An editorial in the Lancet by stroke expert Dr Gustavo Saposnik says“the available evidence, suggests that the discordant results from observational studies and previous randomised trials could be explained by antiplatelet drugs attenuating or cancelling a small benefit of homocysteine-lowering therapy with B vitamins in cardiovascular prevention. The findings from the study also suggest that, in patients with raised homocysteine, vitamin-B supplementation might potentially have a role in primary stroke prevention (for non-antiplatelet users). However, vitamin-B supplementation does not seem to have a significant benefit in secondary prevention of stroke and cardiovascular disease when antiplatelet therapy is taken routinely.”

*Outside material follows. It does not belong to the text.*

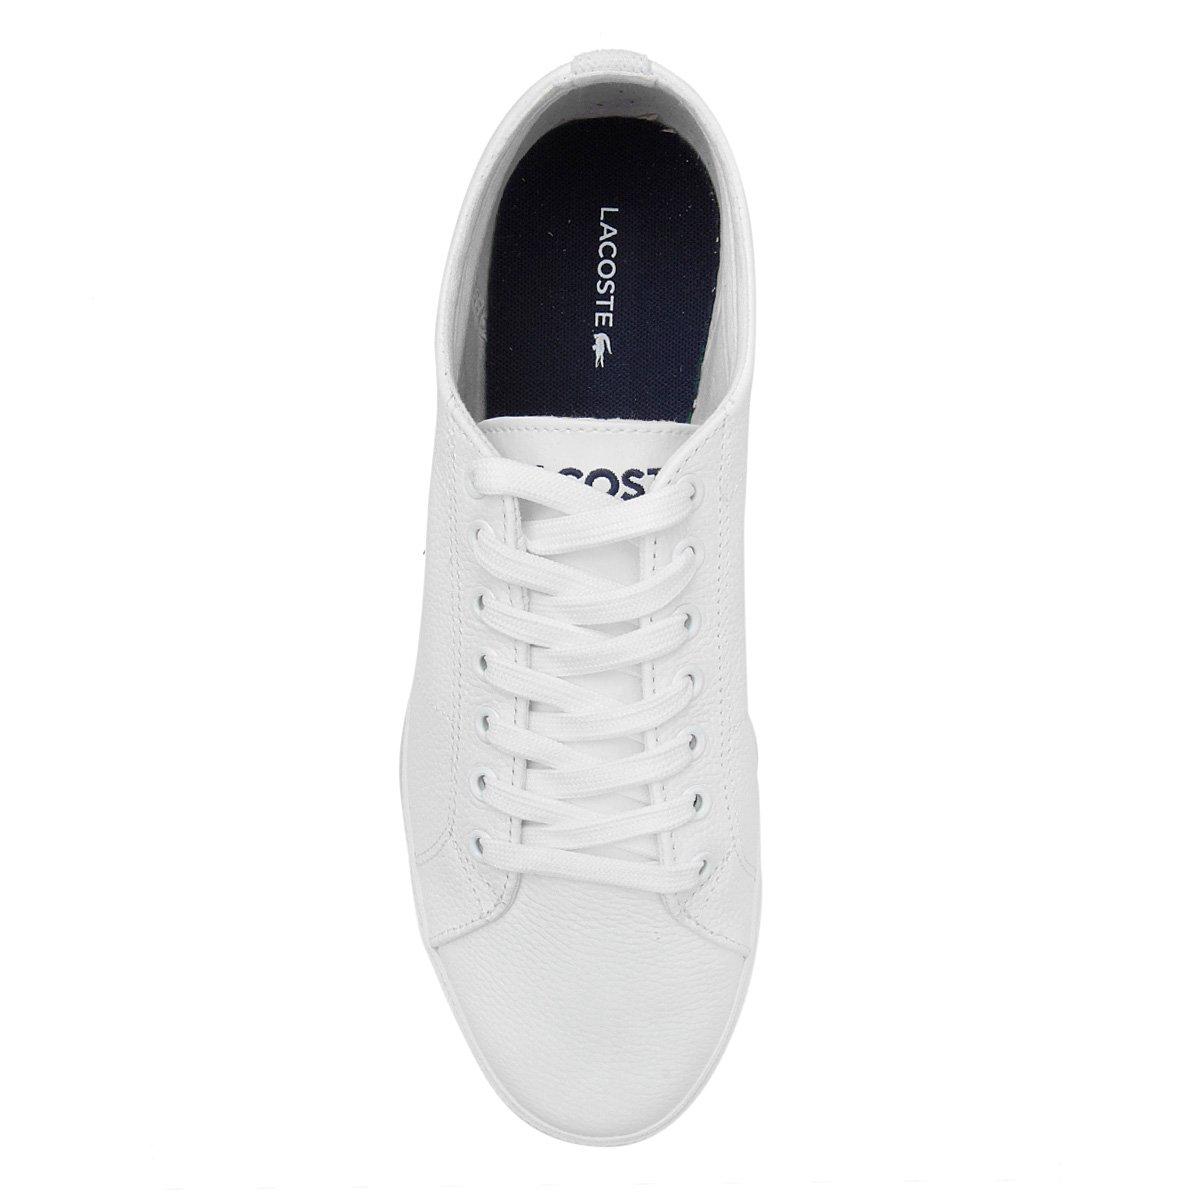 Tênis Lacoste Marcel Masculino - Branco - Compre Agora   Netshoes 216d085639

This finding is particularly important for those who do not have heart disease, but are taking aspirin as a preventive – especially in homocysteine is raised. Despite the current recommend to GPs not to prescribe aspirin to those without heart disease because a) it doesn’t work and b) can cause internal bleeding, many still make this erroneous recommendation. For example, following a series of studies showing that aspirin is ineffective for primary prevention, and recommendations to stop prescribing it in 2009 and 2010, prescriptions only decreased from 32 to 31 million between 2009 and 2011.

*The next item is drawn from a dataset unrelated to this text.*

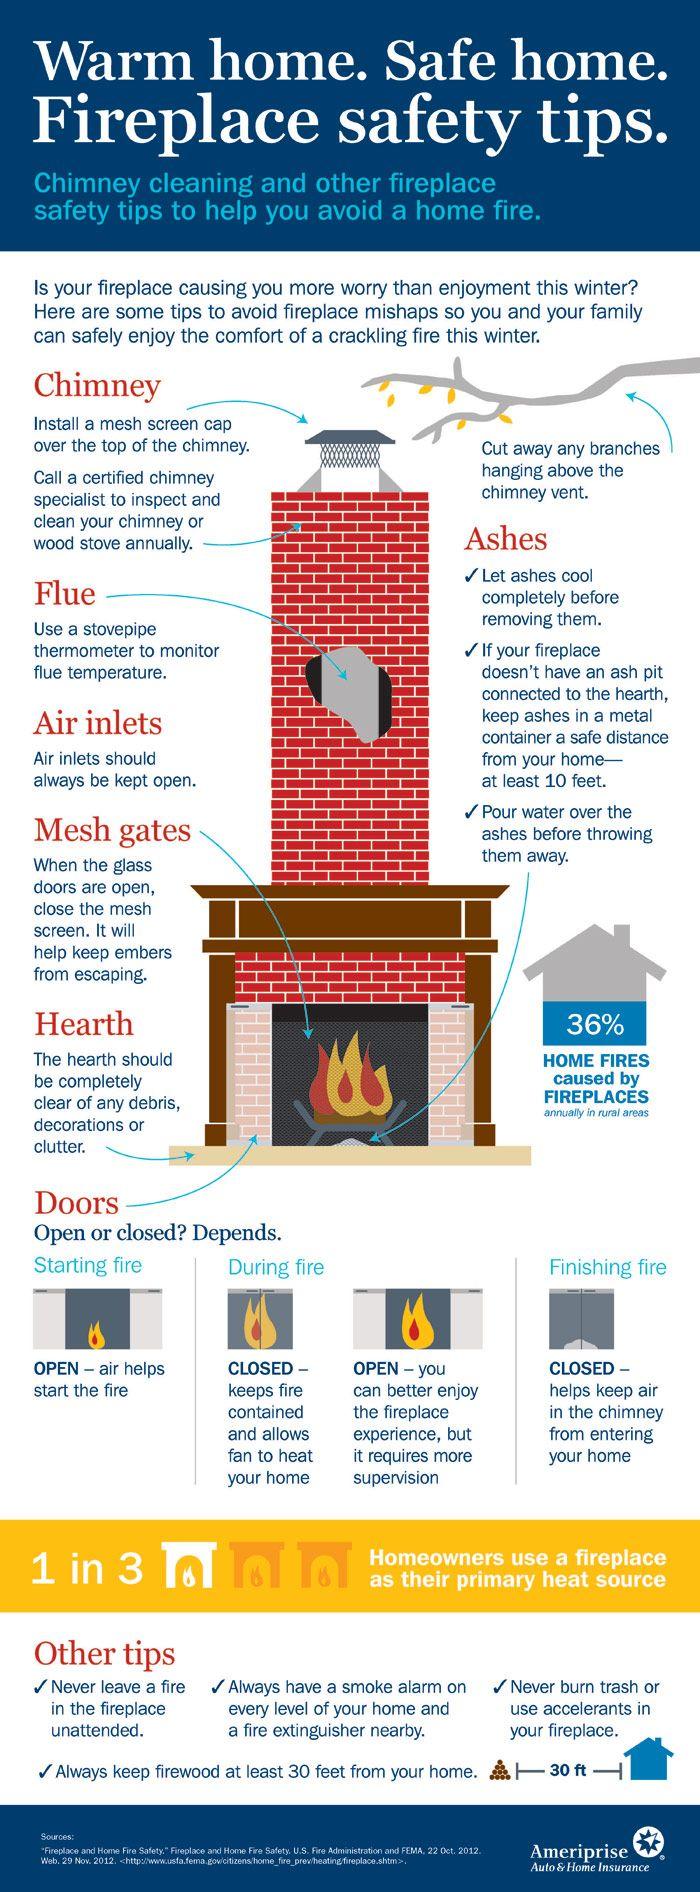 Fireplace Safety #Tips

This emerging likleyhood that aspirin is cancelling out the benefit of homocysteine lowering B vitamins adds further reason to stop taking aspirin for the prevention of heart disease if you don’t have it. If you do have heart disease, and need to be on antiplatelet medication such as aspirin my advice is to monitor your homocysteine carefully. If it is significantly high then the B vitamins may still help. For example, studies that have successfully and substantially lowered homocysteine levels above 15mmol/l have shown benefit. Exactly how aspirin interferes with the function of B vitamins is not yet clear.